見えない部分の傷
「……とりあえず、お前は場を外せ」
兄貴は最初にそんなことを言いやがった。
「なんでだよ?」
オレは納得がいかず食い下がる。
「栞ちゃんと話がしたい。それにお前は邪魔だといっている」
いつもの調子で言われると、もう身体は治ったように見える。
だが、それは普通の人間の話。
伊達に長い付き合いじゃない。
兄貴の身体の調子ぐらい、ある意味本人以上に分かるところもあるんだ。
いや、見栄は張るまい。
リヒトに言われて、注意深く観察するようにして、ようやく気付いた……だけだったりするのだが。

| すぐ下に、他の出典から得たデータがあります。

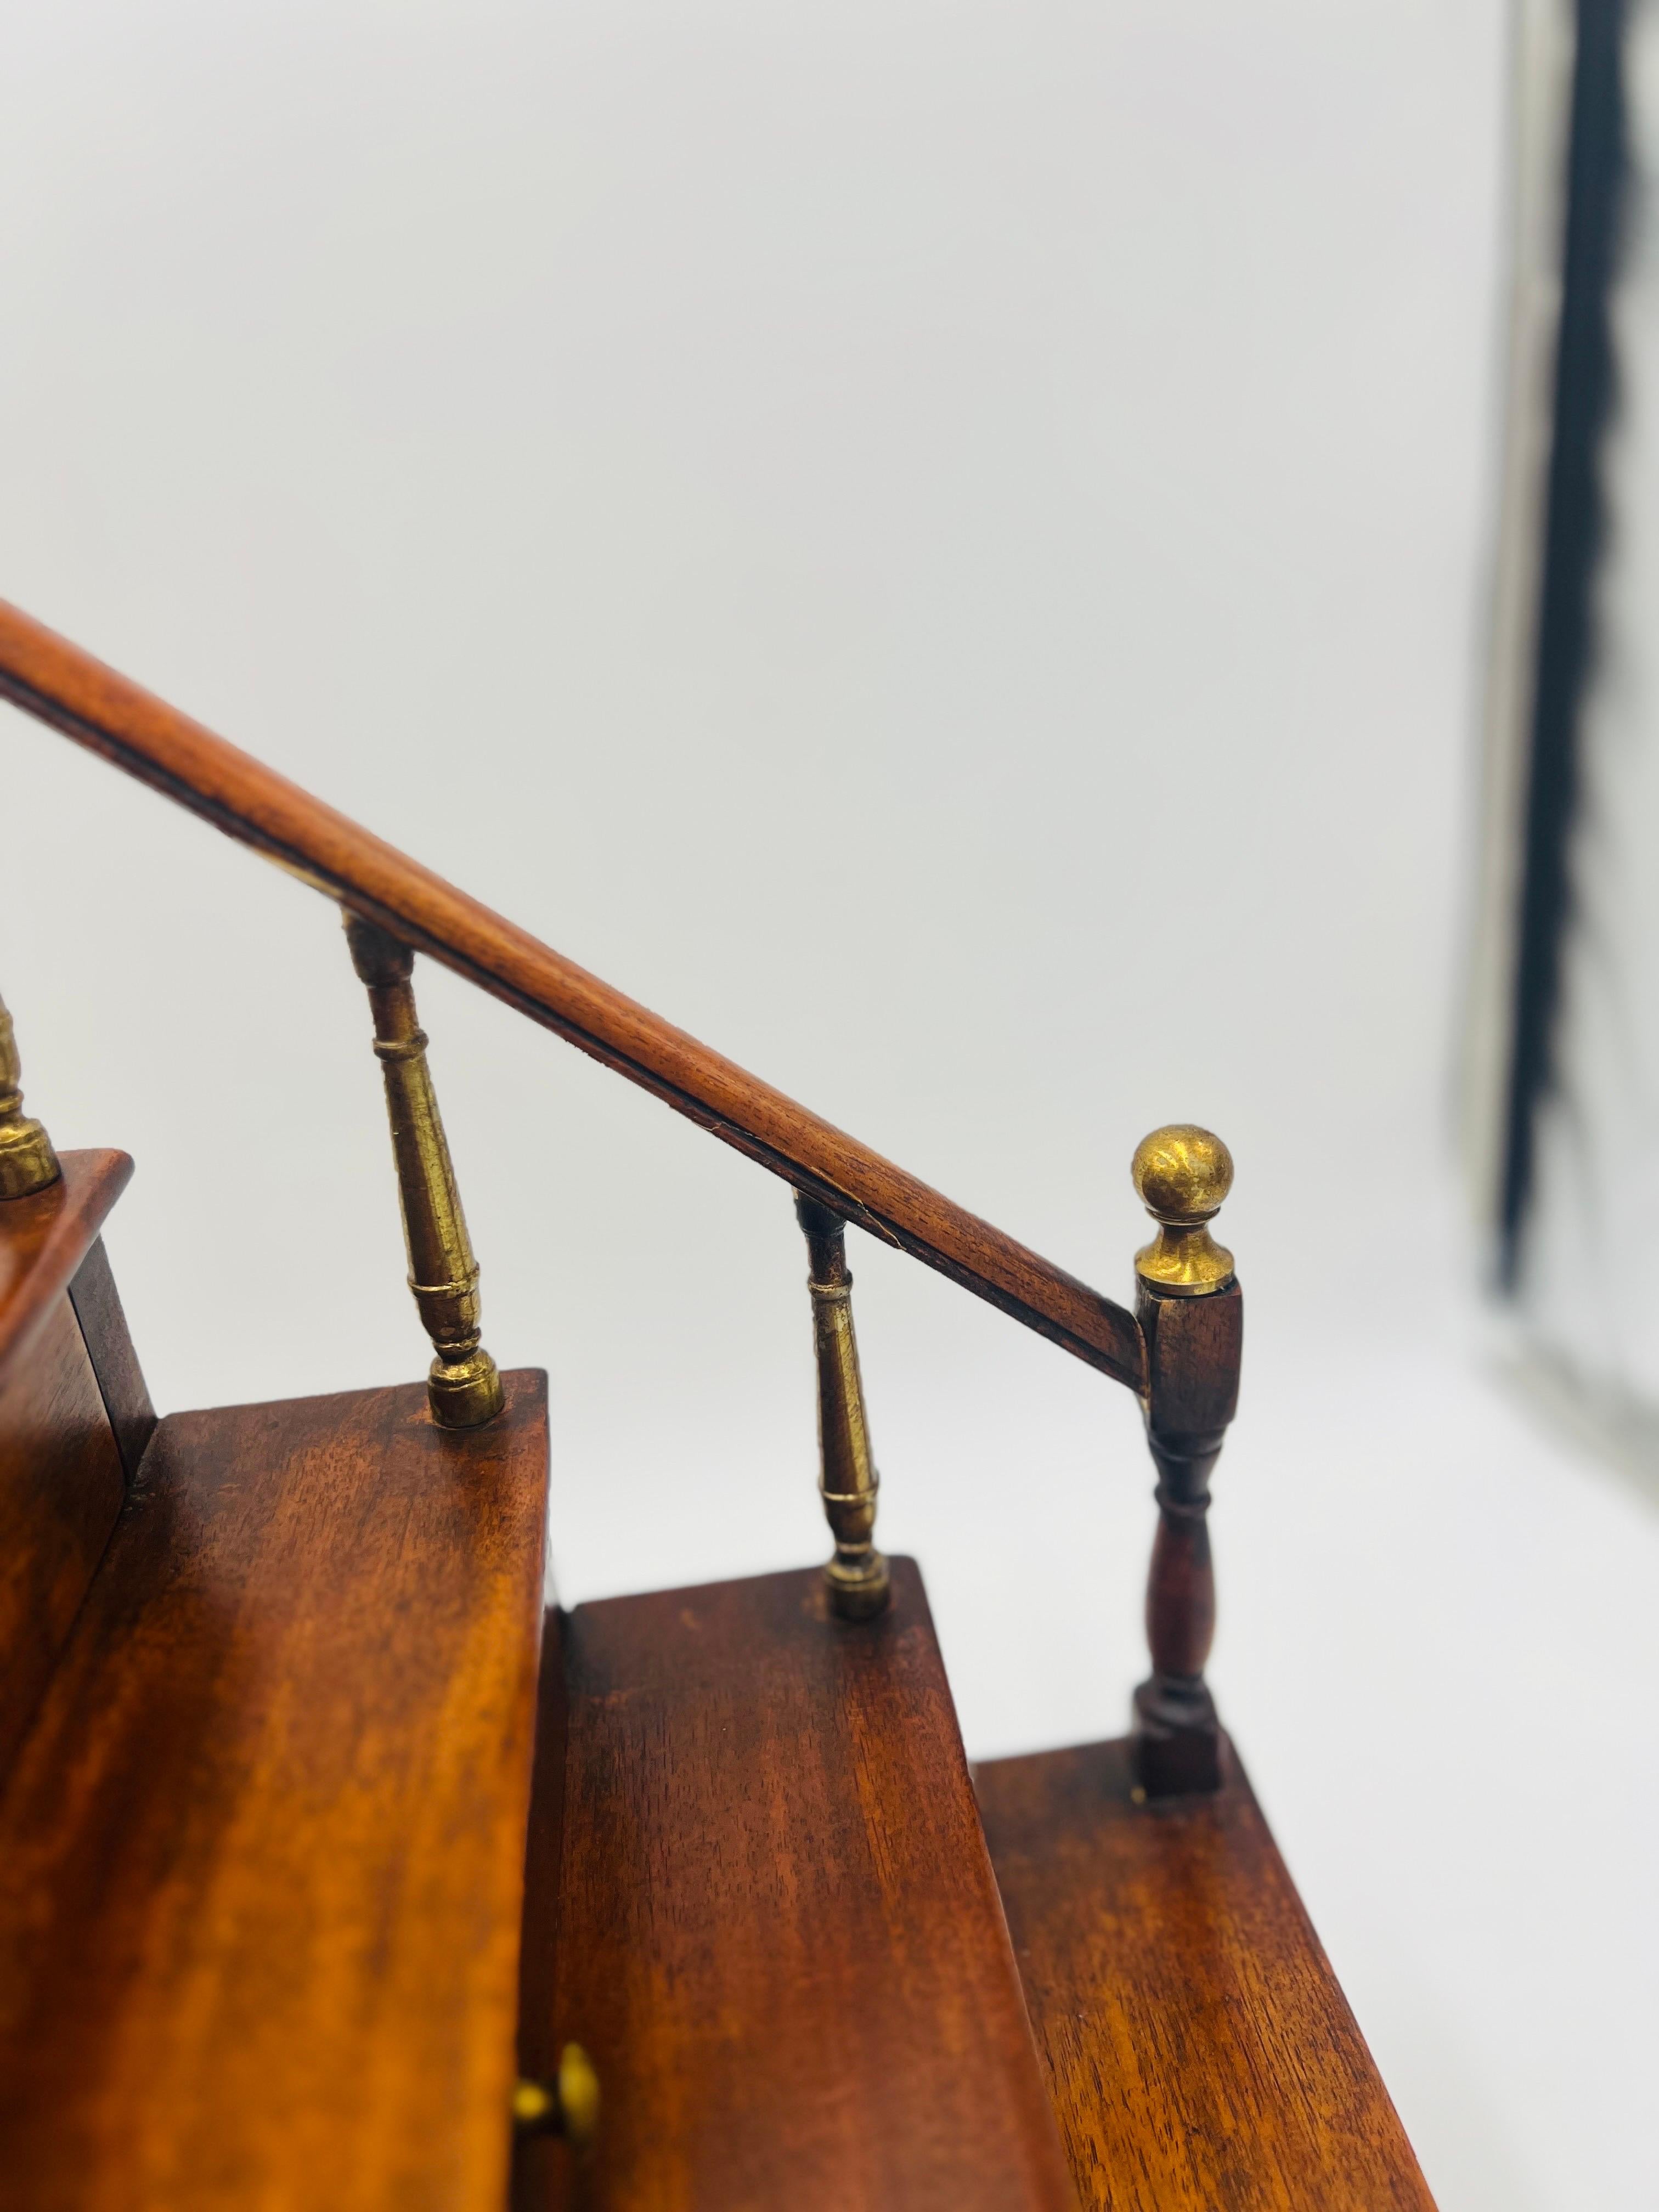 Antique Edwardian Mahogany Staircase Model with Brass Finial Newel Posts For Sale 6
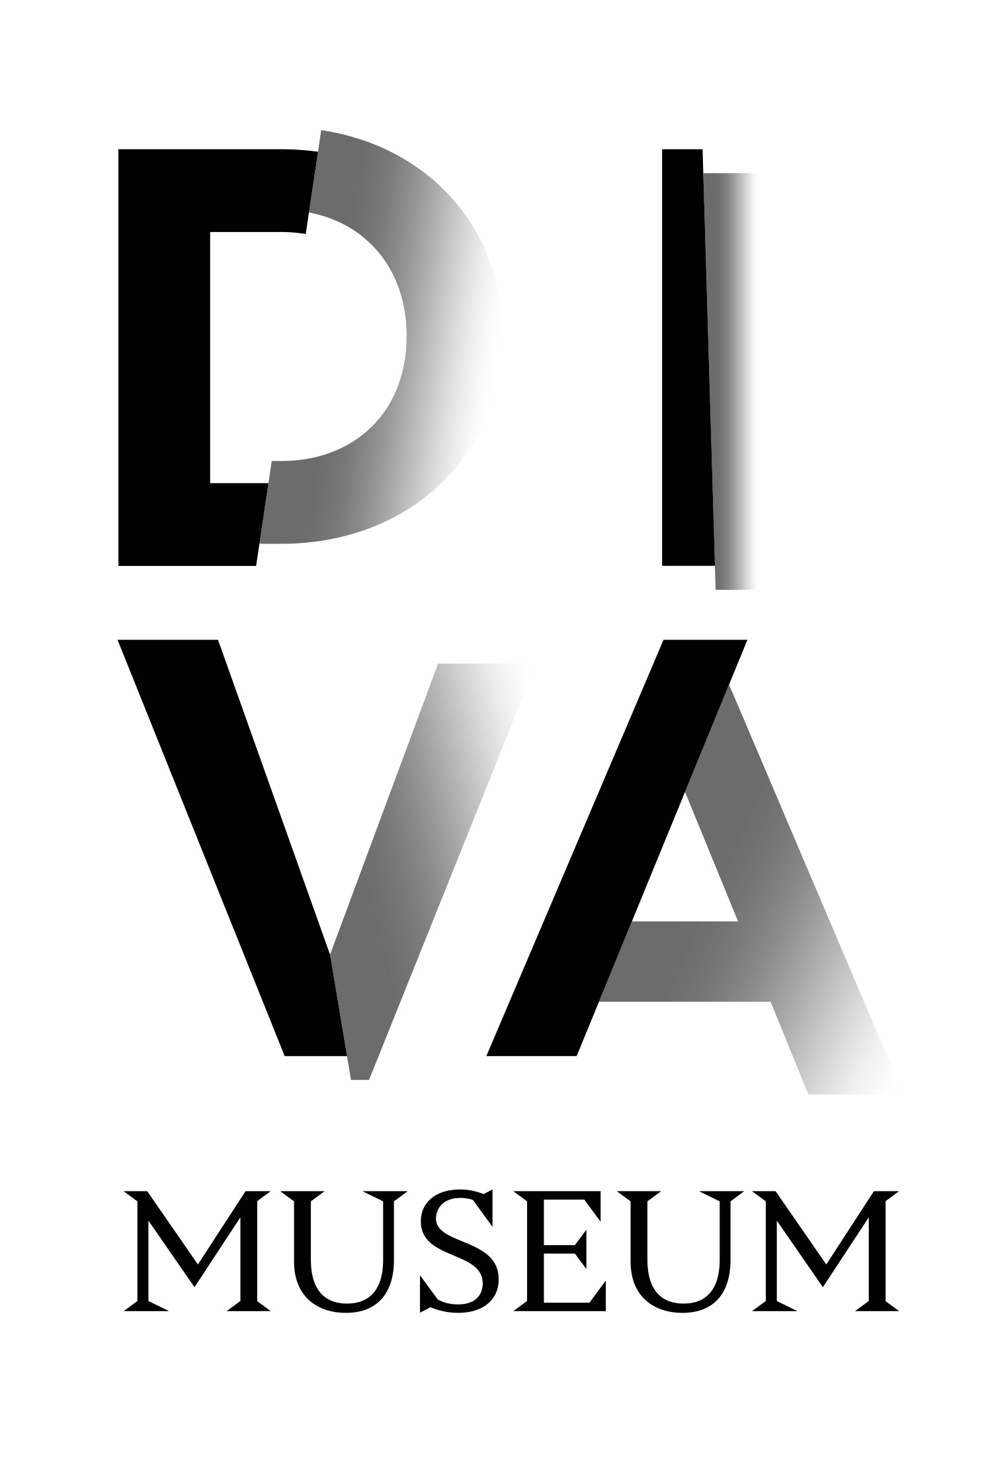 DIVA, museum for diamonds, jewellery and silver
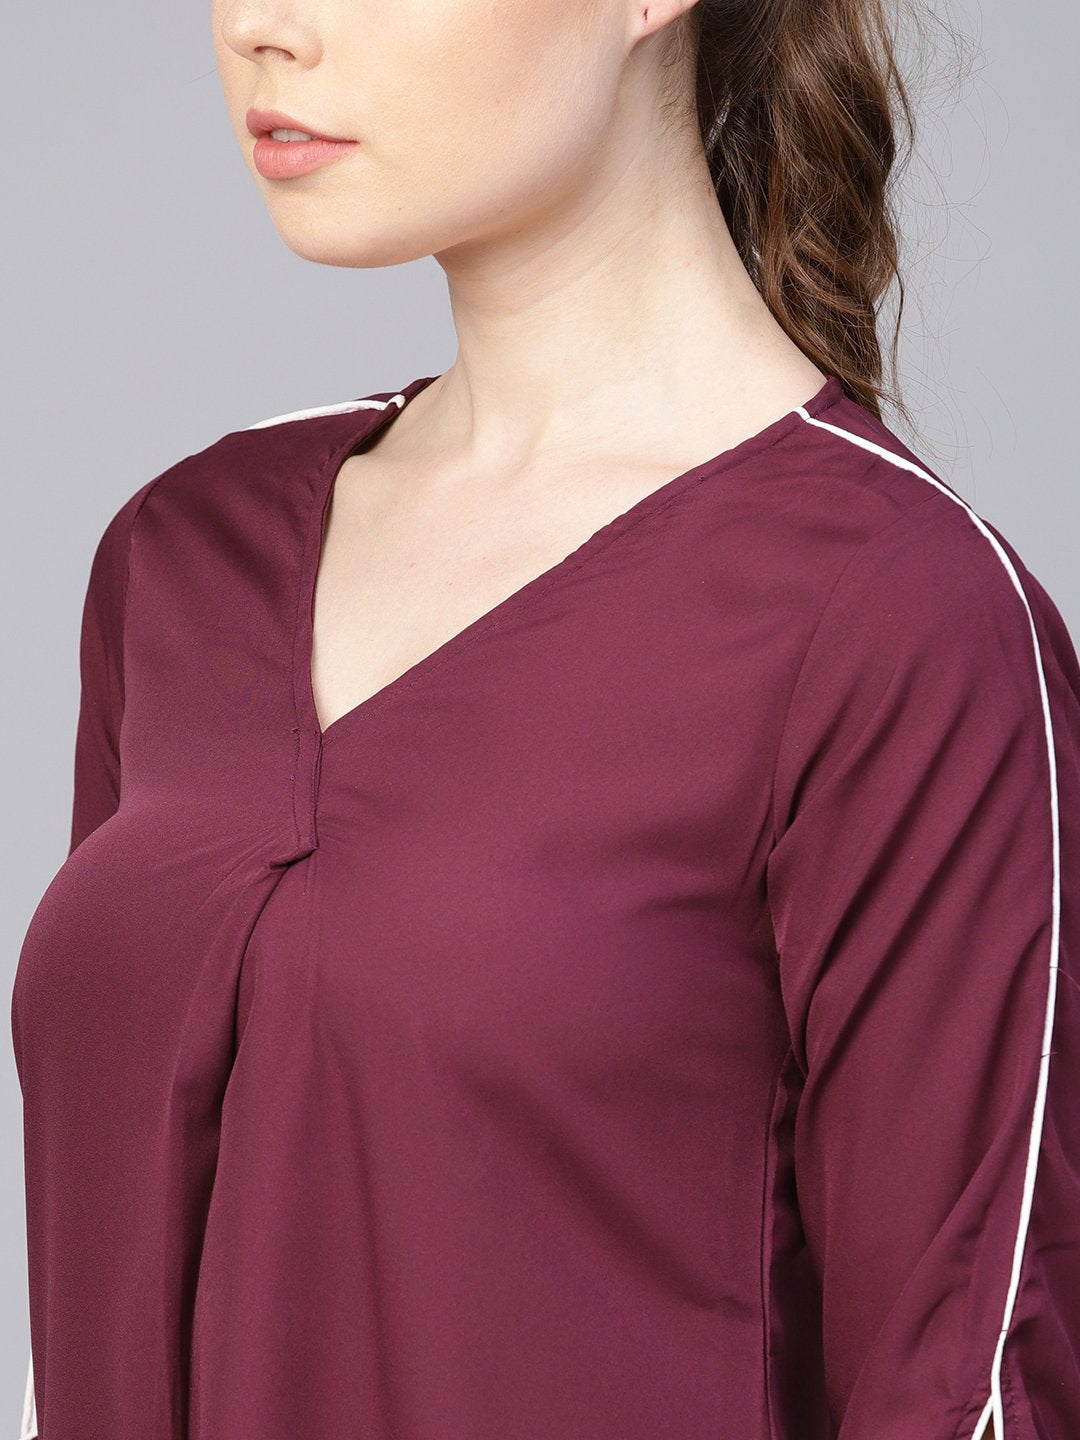 Women's Burgundy A-Line Dress With Knot Style Sleeves - Nayo Clothing
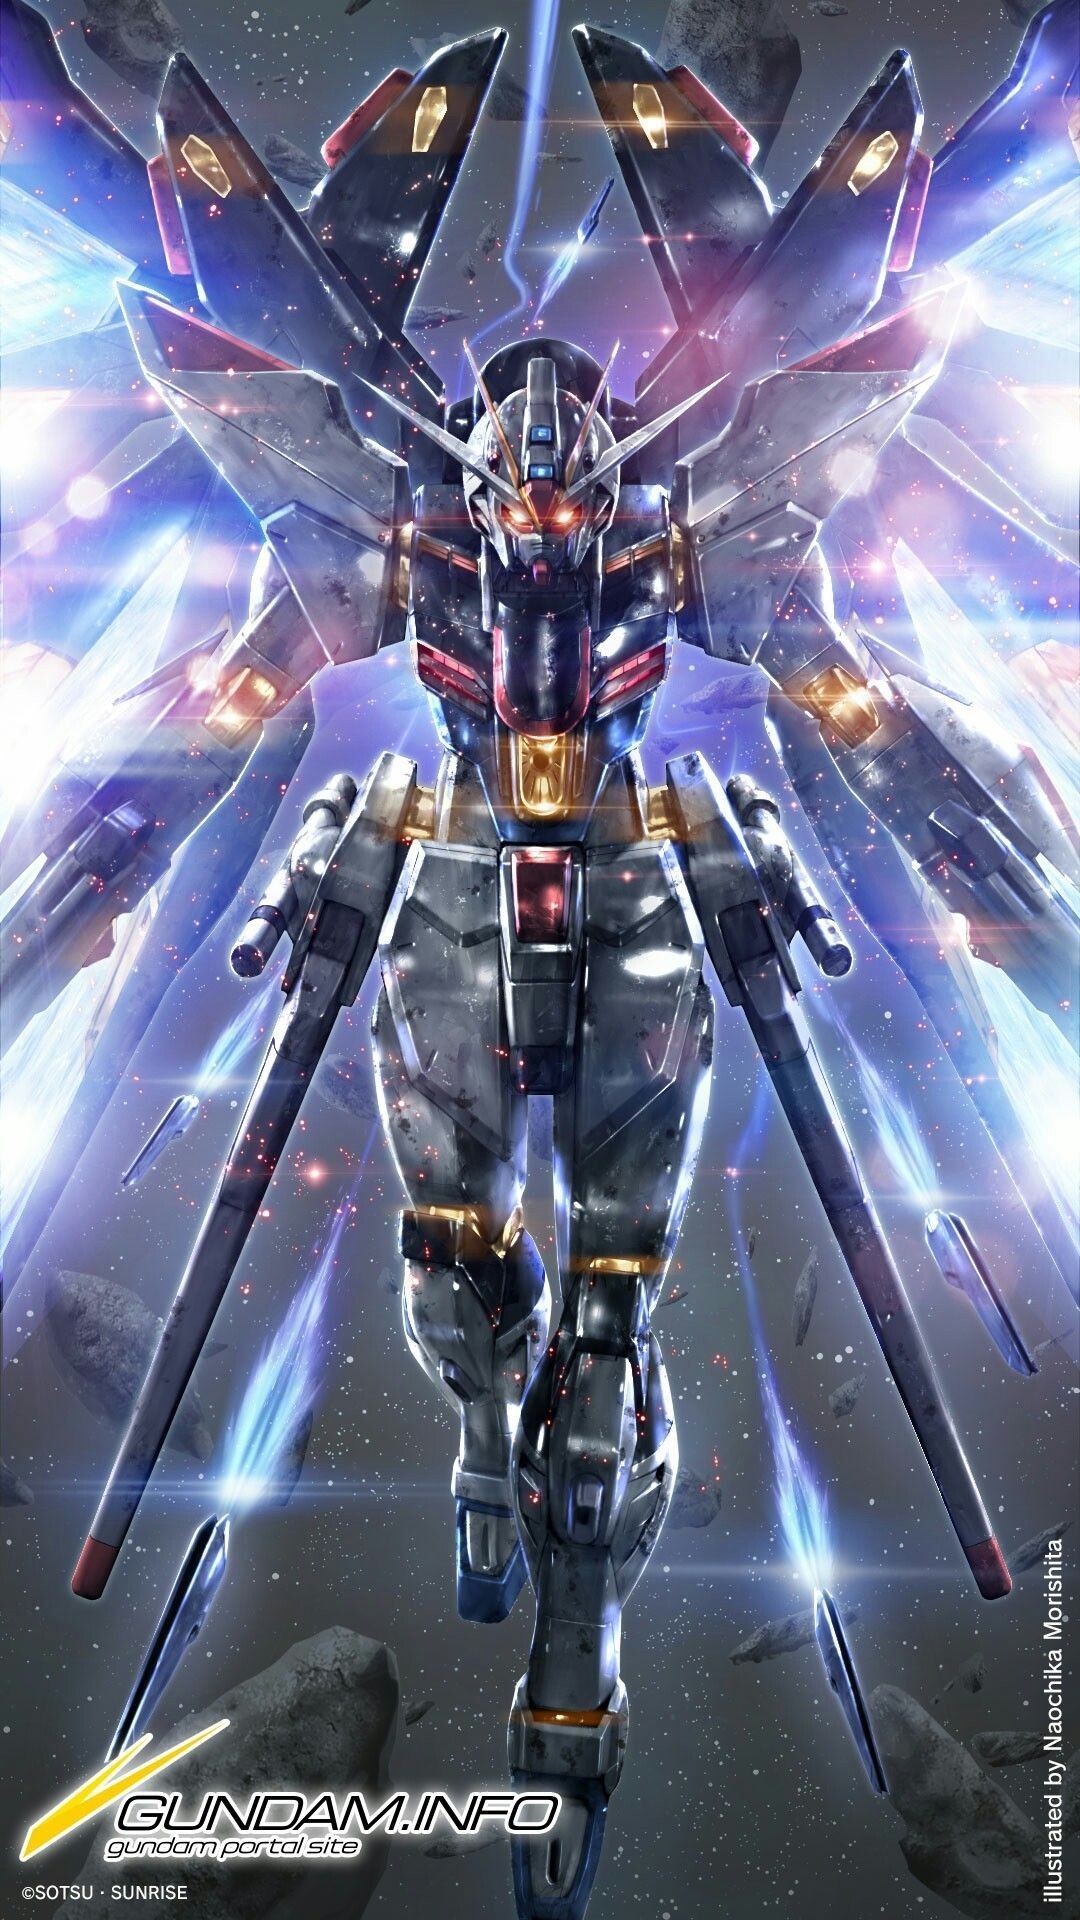 Live Wallpapers tagged with Gundam

「断る。どんな話かは知らんが、重傷者だけ残しておけるかよ」
オレがそう答えると兄貴にしては分かりやすく怪訝な顔をしやがった。
今の状況を説明すると、オレは高田のところへ向かい、朝食を食わせた後、そのまま彼女と共に兄貴の部屋に来たのだ。
朝の様子だと早く行きたそうだったからな。
リヒトはなんか、トルクスタン王子に用があるとかでそっちに行っている。
もしかしたら、真央さんが目覚めたのかもしれないが、今は、そんなことは正直どうでも良かった。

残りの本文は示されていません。